I was so alone, and I owe you so much.

John had no idea how much those words applied to both of them. No idea how much it hurt right after he jumped, seeing John's eyes fly open in disbelief, his whole world shattering around him and lying there, helpless on the ground, for the second time in his life. Unable to say anything to let his best friend know that he was alive, to not worry, that he would be back one day, soon. Mycroft had warned him, of course, but Sherlock hadn't listened. And now he found himself wishing he had.

Don't get attached, baby brother.

All lives end. All hearts are broken. Caring is not an advantage.

He had finally let someone in again, and within what seemed like mere hours, they had been wrenched brutally from his life again. First Redbeard, and now John. There was no point in getting attached, because in the end, they'd be gone. Mycroft was right. Mycroft was always right. Sherlock couldn't keep anyone in his life.

John's familiar footsteps thumped down the hallway, the slow, steady beat matchingpace with Sherlock's pounding heart. Come on, use your brain. Detach from the situation. You are supposed to be dead, Sherlock. What are you going to do when John comes in?

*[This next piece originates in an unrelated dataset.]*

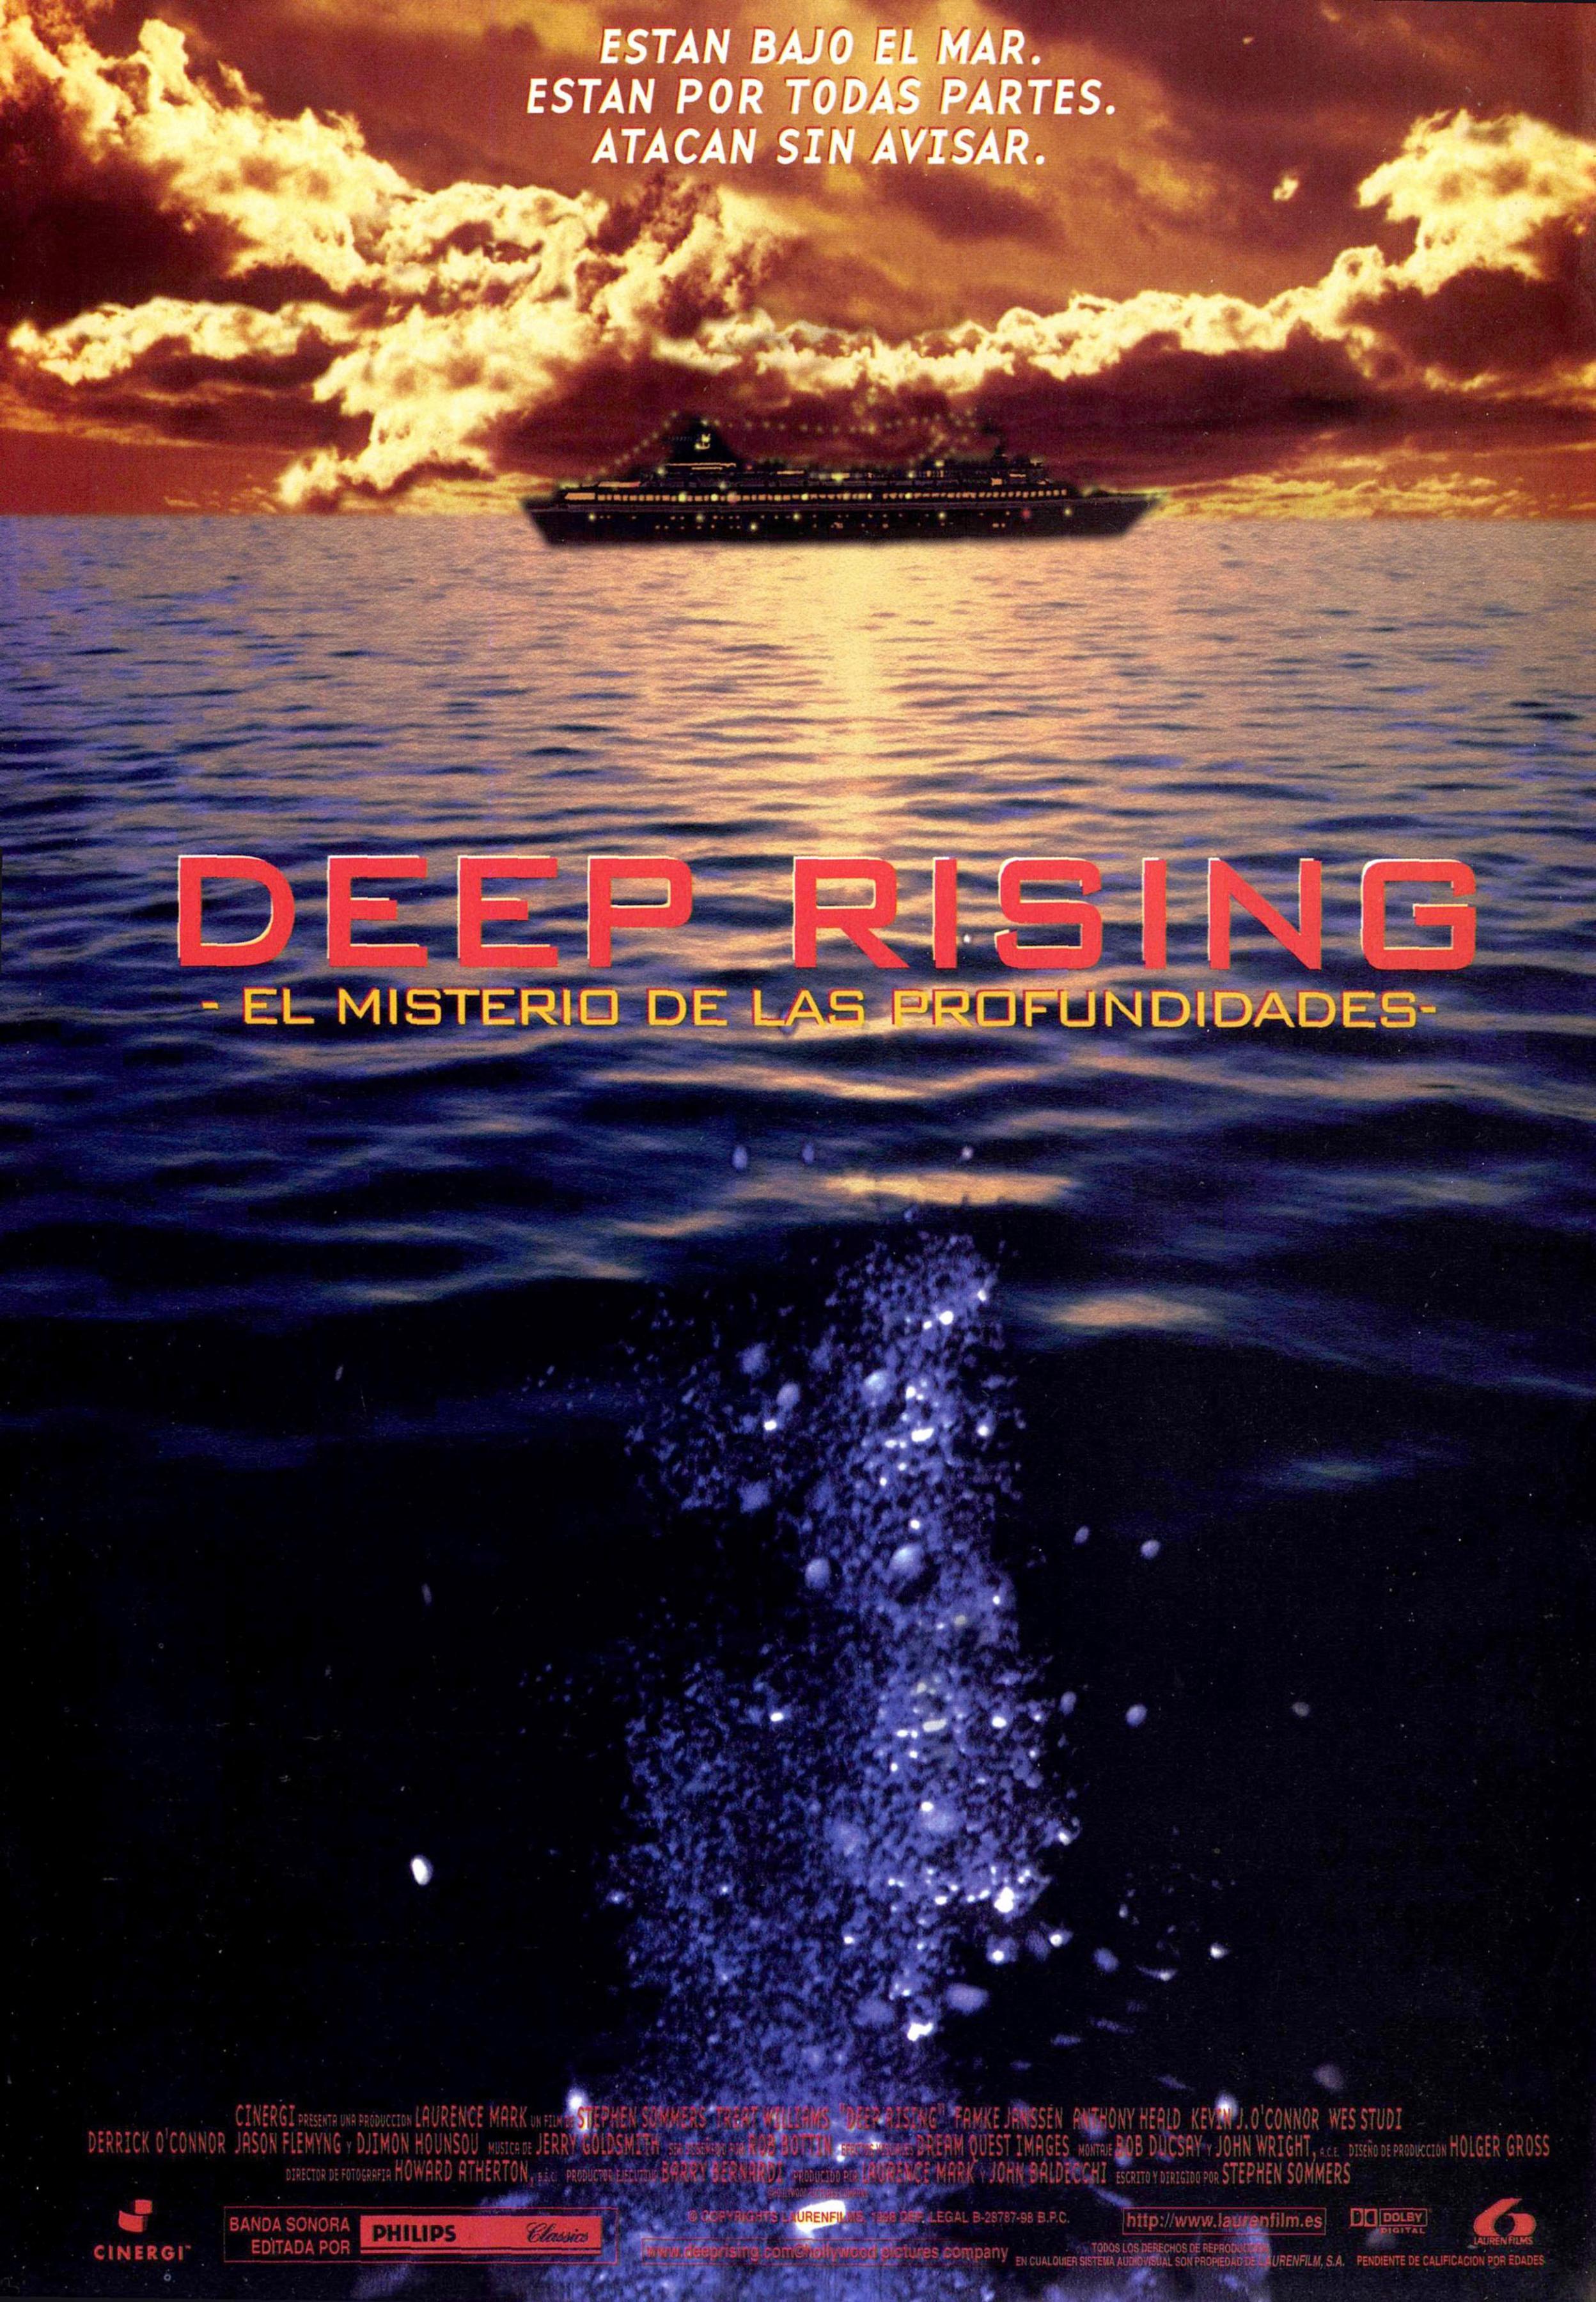 Постер фильма Подъем с глубины | Deep Rising

John stuck his head inside Sherlock's room. He could have sworn he saw a swish of black trenchcoat, but there was nothing except for the devastatingly familiar furniture. The bedsheets were rumpled and unmade, and the curtains were wide open. John's heart crumpled. This room felt painfully of Sherlock's essence. John could even smell him, violin rosin and something...sweet. Sunlight filtered through the dust particles, and in that moment John remembered. He thought of everything Sherlock and him had done together. The serial suicides. The Black Lotus. Dinner at Angelo's. Irene Adler's whirling personality, and their visit to Buckingham Palace. Every second John had spent with the miracle of life that was Sherlock Holmes, blind to the fact that time was slipping through their fingers like sand.

He stifled back a sob. "Fuck you, Sherlock Holmes." he whispered, choking on Sherlock's name. "Fuck you, and your grave, and your note-" John sobbed, clutching the doorframe as he broke down. He hadn't cried once after the fall, but now his body decided to let all go, let his walls down for the first time since he met that bastard. The hole where Sherlock had been in his soul was throbbing painfully. He could feel it, feel the hole that bastard had left in him. Part of John had disappeared when Sherlock died, dissolving into ashes as John watched his best friend thump lifelessly to the ground. Sherlock had been his lifeline, John clinging onto him and him to John as they battled their way through life for eighteen short months. The two of us against the rest of the world.